Ronald followed as Wertham stepped from the mule’s ramp and out into the green park. “They used the camouflage tech we found on the sky disks,” Ronald explained.
Wertham nodded. “I see.” He knew the technology that Ronald was talking about. The Annunaki sky disks had been equipped with technology that would adopt the color of their background, making them appear as just a shimmer in the air when they flew within the atmosphere. It was a way to hide them in plain sight. Though Wertham could not see it, he guessed that the same technology had been retooled to create the illusion of the beautiful park he saw before him. And yes, it was an illusion, formed of hard light.
Wertham closed his eyes for a moment, mentally consulting the circuitry within the silver-skinned rod he had secretly constructed during the years trapped in his cell. The old plans formed before him, a web of ancient catwalks that had not been trodden upon for almost a thousand years.

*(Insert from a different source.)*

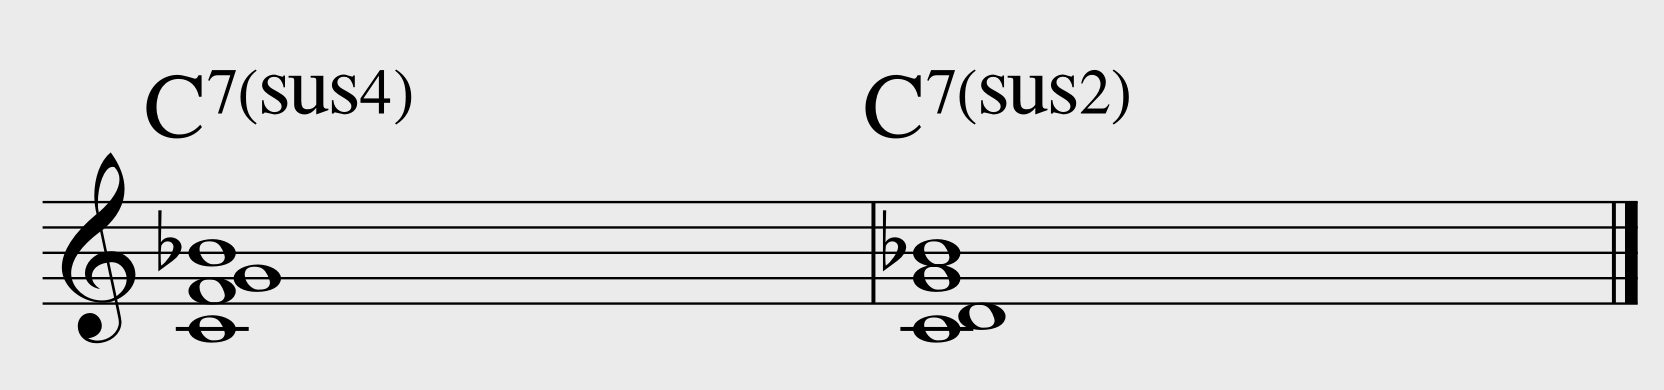 C7(sus4), C7(sus2)

“Move left,” Wertham instructed, and Ronald guided his motion chair until he was in line with where Wertham was indicating.

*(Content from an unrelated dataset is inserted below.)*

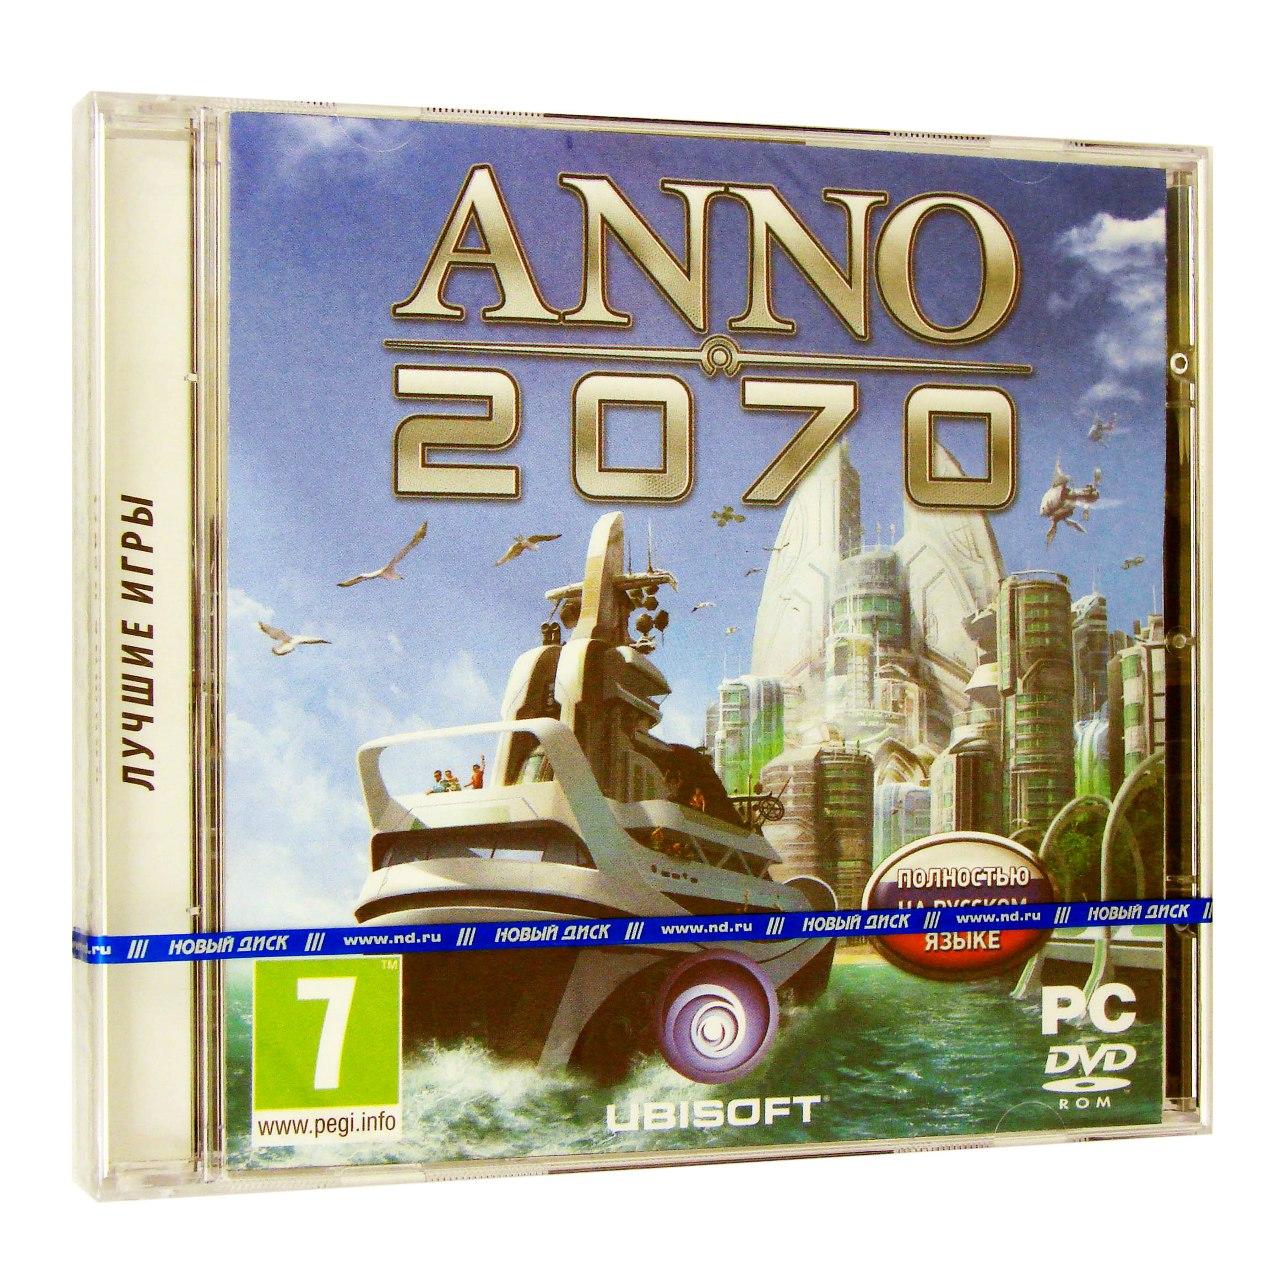 Компьютерный компакт-диск Anno 2070 (PC), фирма "Новый диск", 1DVD

Then, with a twist of the silver baton, Wertham tapped the hidden technology beneath its skin and felt the shimmer tech that held the park in place. Something winked out in his field of vision as a great plain of grass simply vanished to be replaced by a gap sunk into the earth. The people who had been on that patch of grass—fifty square feet of it in all—screamed as they began to fall, the hard-light hologram that had been holding them up winking out of existence. They tumbled down into the body of the thing that resided below, great cavernous lines of metal sunk deep into the foundations of the floating city.
Other people in the park turned at the sudden change, shouting and pointing at the eerie sight of the ground literally ceasing to exist. Down there, beneath the illusion of perfect grass, lay a great industrial structure, all hard lines and sheer metal. Wertham watched as another batch of people disappeared with another turn of the rod in his hands, plummeting down into the forgotten industrial complex. Behind him, the mule sat on what was now an island of grass between the ancient catwalks.
Ronald’s expression was fixed as he watched more people fall to their deaths. “You could have let them go,” he said.